The video following the text on this WPRI story features me arguing that the governor’s executive order making gun confiscation a higher priority for law enforcement doesn’t adequately respect the rights of the gun owner.  One can tell that it was written entirely by gun-control advocates.  The person under investigation, while law enforcement must “follow up” with him or her at least once, has no advocate in the process.  Moreover, the Working Group for Gun Safety has no requirement that any members be supporters of gun rights or even private-sector gun experts.  “Gun violence prevention advocates” and “affected families and youth” get a nod, though.

As a distinct matter separate from the wisdom of the “red flag” policy that Democrat Governor Gina Raimondo promoted, however, the process and presentation raise important questions about the governor’s priorities.

First is the fact that the public was told on Friday that the governor would sign some broadly defined “red flag” legislation on Monday, which she did at a staged media event in Warwick.  Then, we all waited around to discover what, specifically, she had done after she had already done it.  No public input; Raimondo formulates a policy behind closed doors and assumes it is perfect.
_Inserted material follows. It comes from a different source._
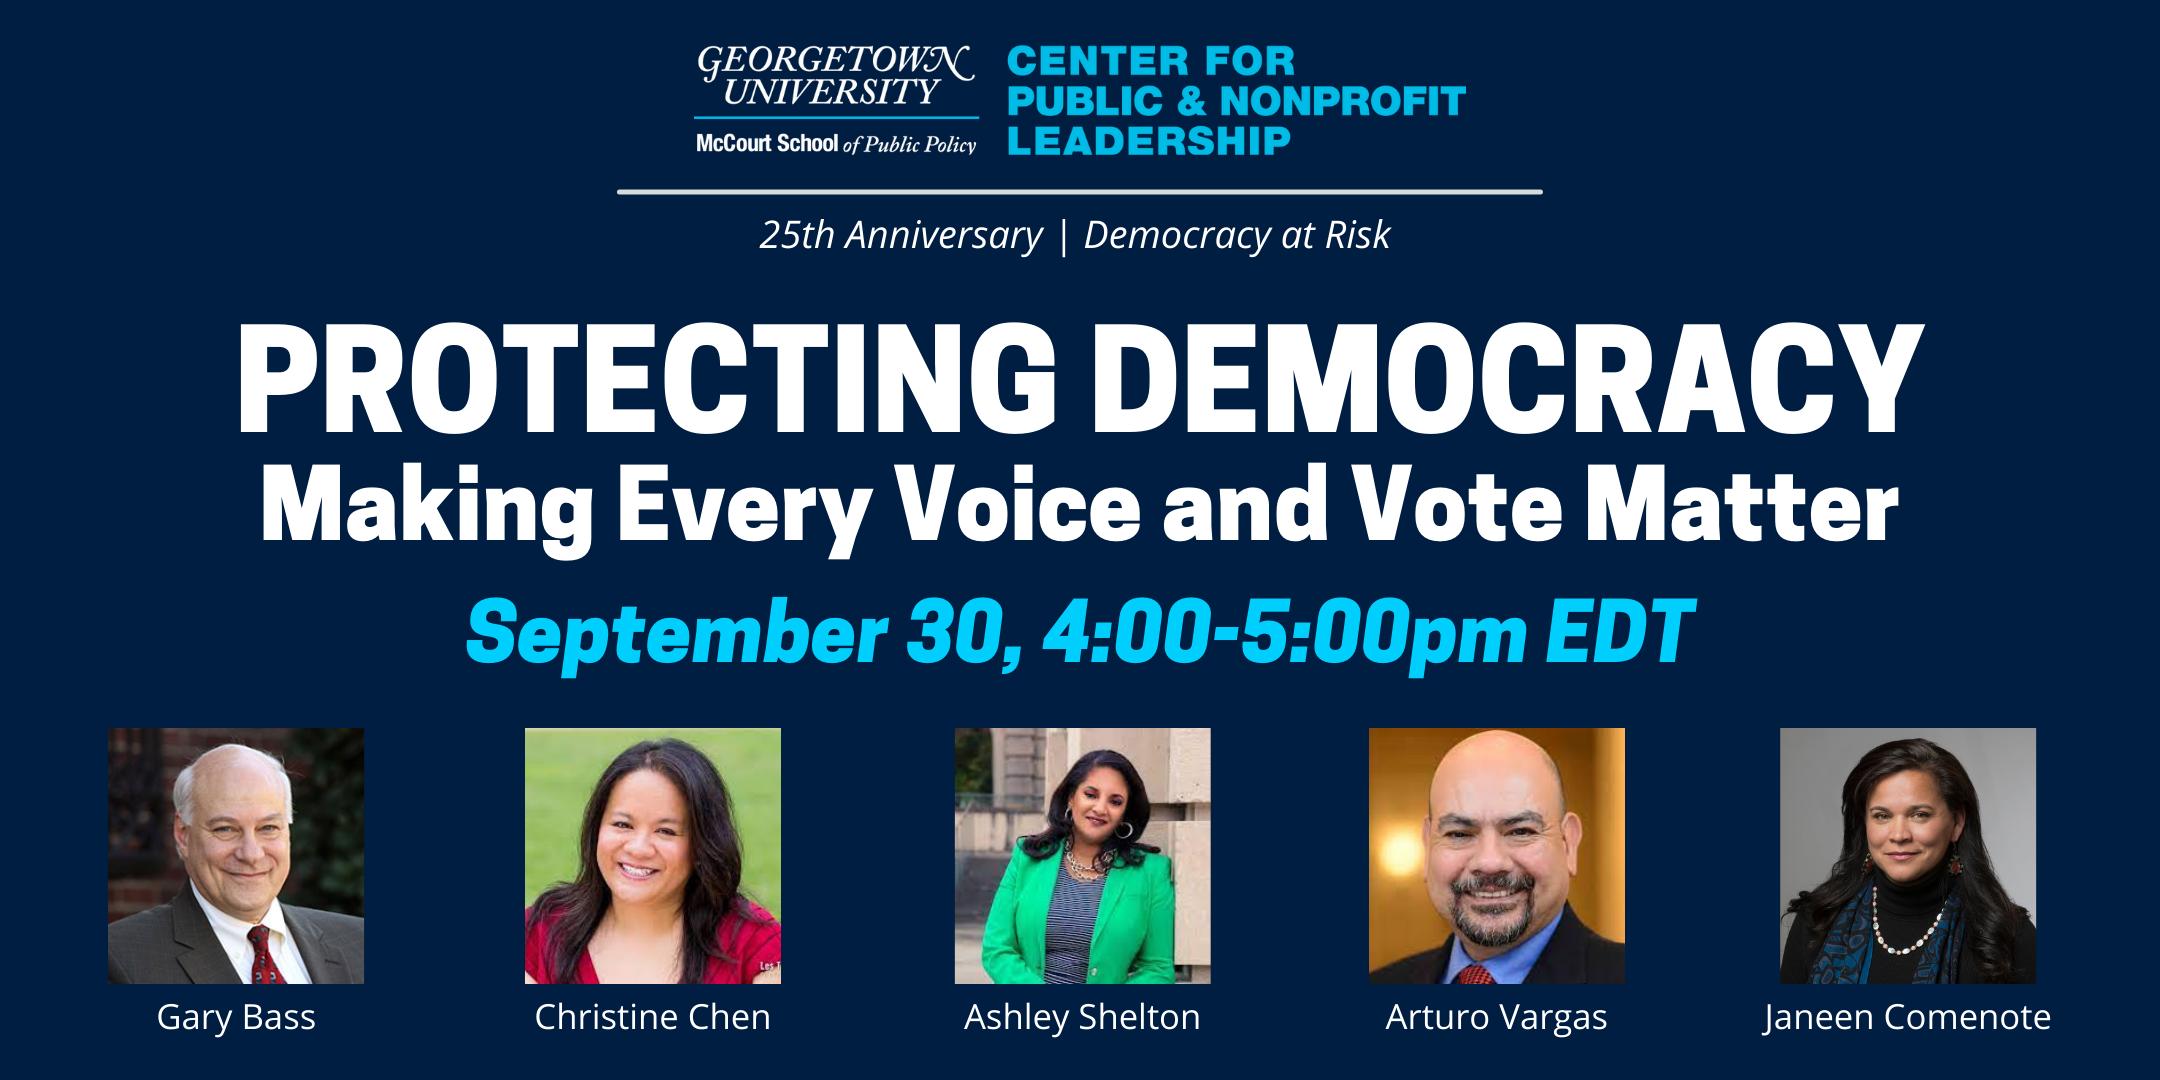 Protecting Democracy Eventbrite image

That was followed by, second, the fact that the language of the executive order was not available anywhere, as far as I could tell, including on the governor’s executive order page, which at the time hadn’t been updated since 2015, and on the page for the related press release.  The executive order page was updated before the close of business, yesterday, after I’d complained about the omission on social media, but as of this writing (the following morning), the tab at the top of the list still says “2015.”

In other words, with all the public relations personnel that Governor Raimondo is infamous for having hired, nobody bothered to make this executive order available upon release — let alone beforehand, available for public comment.  That suggests that the important thing, to the governor, isn’t the policy, but the PR, and that isn’t how law ought to be formulated, especially when restricting Constitutional rights.